Viewer Beware, You’re In For A Scare


Back when I was a kid, Goosebumps was all the rage. Everyone read the books, owned the books, and loved the books. R.L. Stine helped make reading cool, which despite his stories being cheesy or very kids oriented was still a good thing: anything that gets kids to read should be encouraged. In fact some of his tales had twists that M. Night Shyamalan wishes he could come up with. So I was happy that Netflix Instant Viewing now has the rights to the show, which channeled the books pretty well, as all four seasons have been released so far. But hey its a start and I plan to go through the show as much as possible. I started last night with the pilot, titled The Girl Who Cried Monster.

Really its merely a solid episode, yet I still enjoyed it anyways. I vaguely remember reading the book, and it has a trademark Stine twist that made me smile a bit. The creature effects are rather decent for a kids TV show that aired on Saturday mornings, and the main protagonist starts off with their narration, which was part of Stine’s books. I do plan on continuing to watch the show, and go through the rest of the series. Which I will share here as a side project to my Horrorfest, as its fitting to view a horror oriented show while also watching horror movies.

I Want To Believe


I love The X-Files. Its one of my all time favorite shows, and the cast for it rules. Mulder and Scully are one of the best duos in the history of TV, and they have great chemistry with one another. I love their poor long suffering boss AD Skinner, and the Cigarette Smoking Man is a Top 10 TV villain as far as I’m concerned. My favorite episode is hard to pin down, although for now I’d go with “Musings of a Cigarette Smoking Man” from Season 4. I love how every episode opens with something creepy, or freaky, or completely ridiculous that makes you think “Whoa. Sweet.” Sure there were sci-fi and horror shows before The X-Files, but I really think that The X-Files changed the genre forever with its mix of science and odd plausibility that was tangible and almost real.

Naturally the show has what most shows have: an overreaching arc and stand alone episodes. The alien conspiracy forms the basis for the show’s arc, and its fascinating how complex and interesting that arc really gets. That arc results in some of the some of the best episodes during its run, although there have been plenty of great stand alone ones too. “Home” is a particularly great and terrifying stand alone episode, among others just like it. “Two Fathers” is a fantastic arc episode that showcases properly what the show is truly capable of. The bond that Mulder and Scully also have is something that runs through the entire show, and of course they have a slowly growing attraction to each other that the The X-Files strung a long a bit just because its more fun to watch them flirt at times and gives the viewers something extra to look forward to each week.

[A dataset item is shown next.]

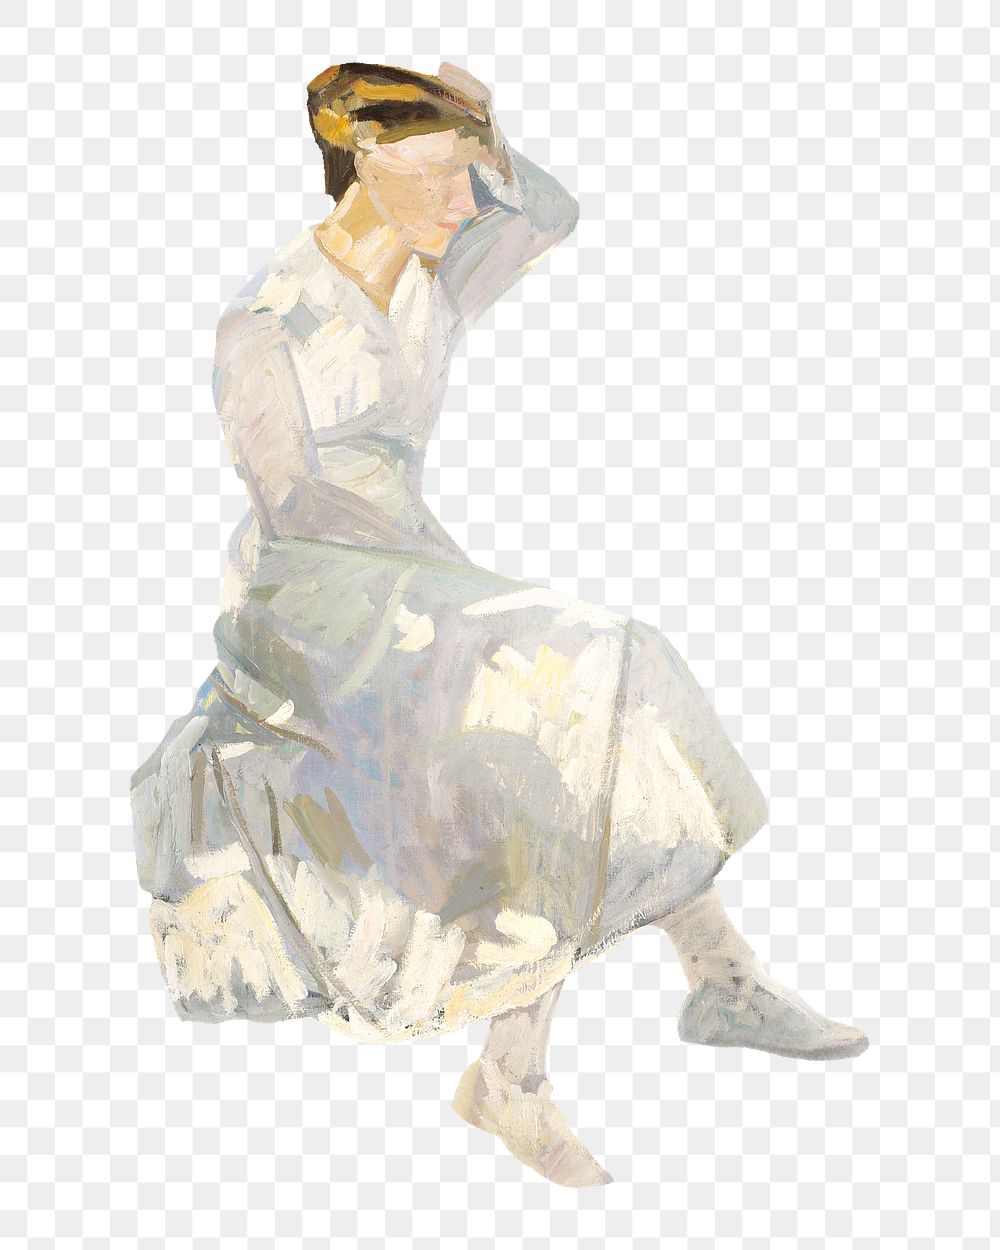 Victorian woman png, vintage illustration by Edvard Weie, transparent background. Remixed by rawpixel.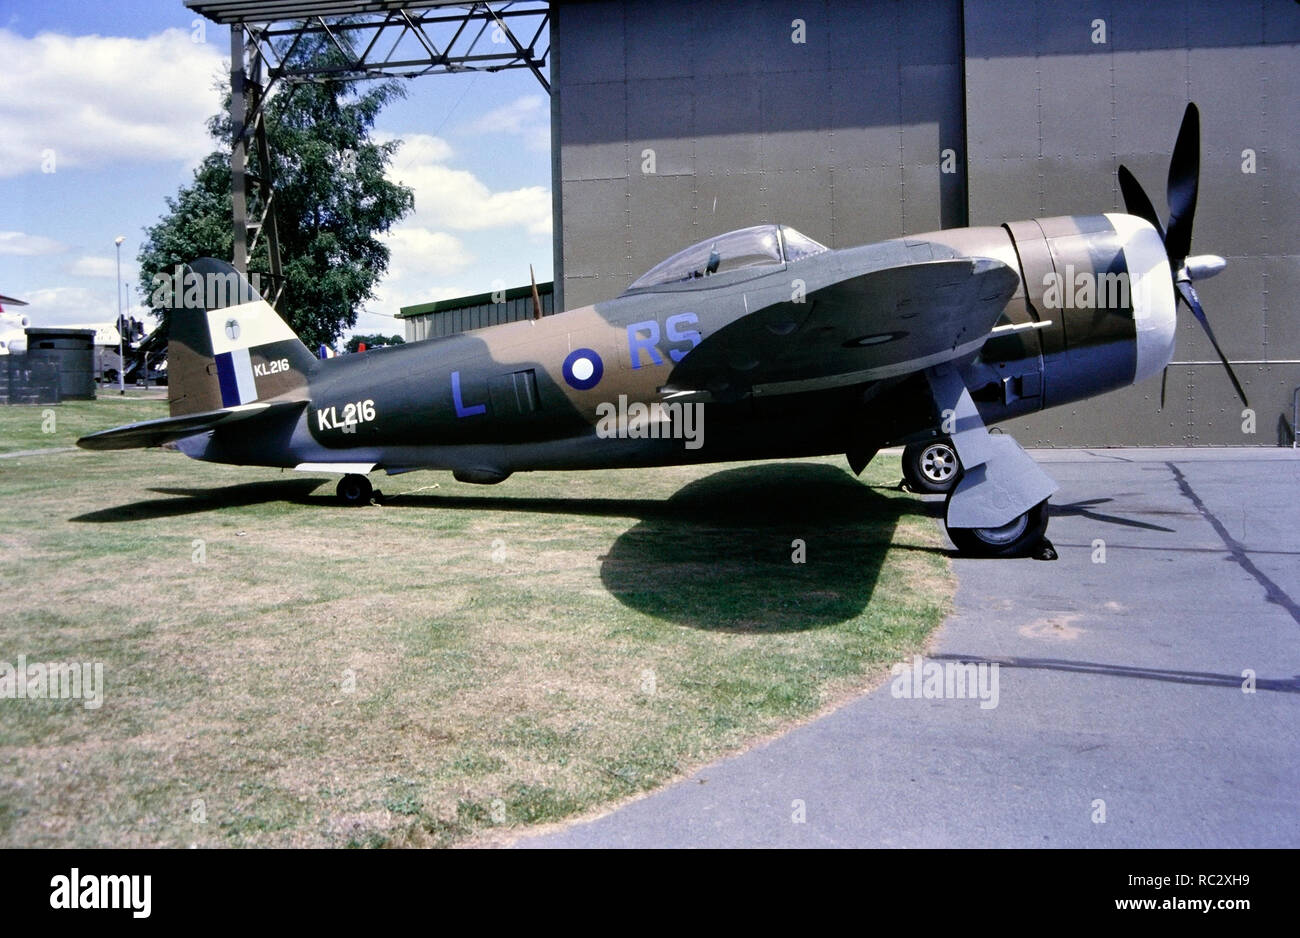 P-47D Thunderbolt fighter aircraft, RAF Cosford 1995 Stock Photo

Everyone forgets the show’s great use of humor, too, as displayed in the hilarious classics “Clyde Bruckman’s Final Repose” and “Jose Chung’s ‘From Outer Space'” in Season 3. Despite the fact that the last couple of seasons were not very good, with the show jumping the shark and having a mediocre mess of a series finale, The X-Files is still a great TV show. Not to mention being one of the handful of shows I’ve ever watched that made me regret not having seen it all the way through from the beginning on TV, and also being one that I’ve binged on heavily via Netflix Instant Viewing. “The Truth is Out There,” indeed.